Researchers May Be Forced to Rely on an Obscure Court
Briefly

Researchers May Be Forced to Rely on an Obscure Court
"A majority of justices say this 16-judge court likely has jurisdiction over lawsuits regarding thousands of National Institutes of Health federal research grants that the Trump administration has tried to terminate, as well as other fights concerning canceled grants. If the Supreme Court sticks by its current thinking in final rulings, the Court of Federal Claims could be handling fights over countless grants that the Trump administration and future higher ed-targeting presidencies may try to cancel in the future."
"It's apt for what's in this building: the Court of Federal Claims, a legal venue where the U.S. government is always the one being sued. One catch: This court doesn't have the authority to actually restore the grants.

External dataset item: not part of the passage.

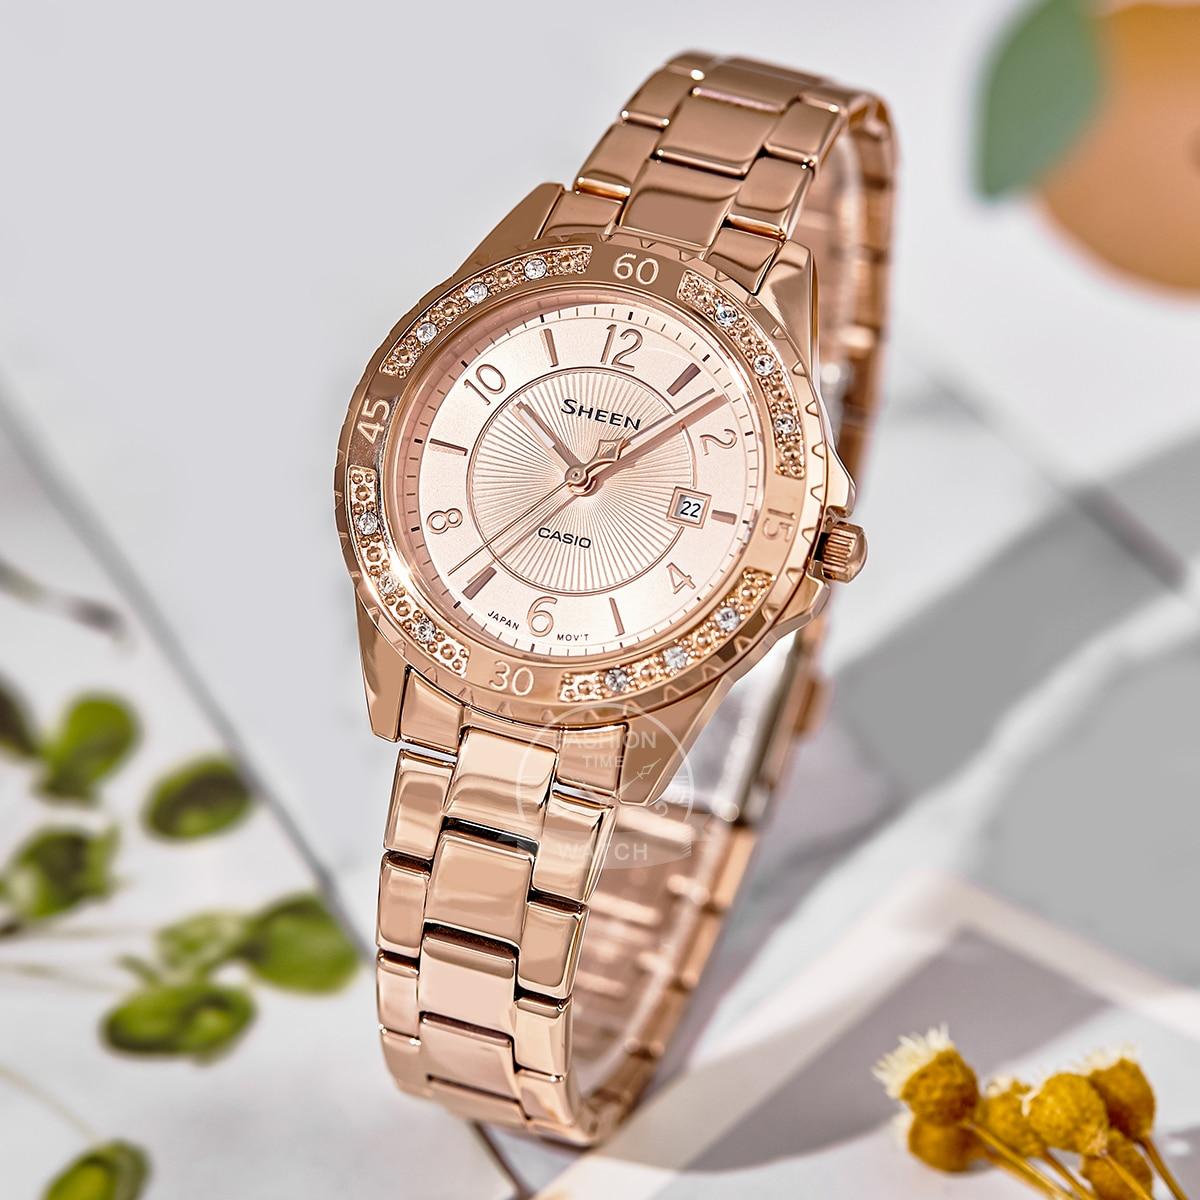 Casio watch ladies luxury  Swarovski diamond sapphire glass Rose women watch girl  watch 50m waterproof quartz relogio SHE4532PG enlarge

It can award money for canceled ones, but experienced lawyers who practice before it disagree on whether it will provide compensation even approaching what the grants were worth."
Several hundred feet from the White House sits the Court of Federal Claims, where the U.S. government is always the named defendant. The Supreme Court's preliminary rulings indicate that the 16-judge court likely has jurisdiction over lawsuits related to thousands of NIH and other federal research grants that were targeted for termination. The court cannot reinstate grants but can award monetary damages for canceled awards. Experienced attorneys disagree on whether damages will approach full grant value. Research institutions, not individual researchers, generally hold the legal standing to sue because institutions are the grant recipients. The court's role could shape future disputes over canceled federal research funding.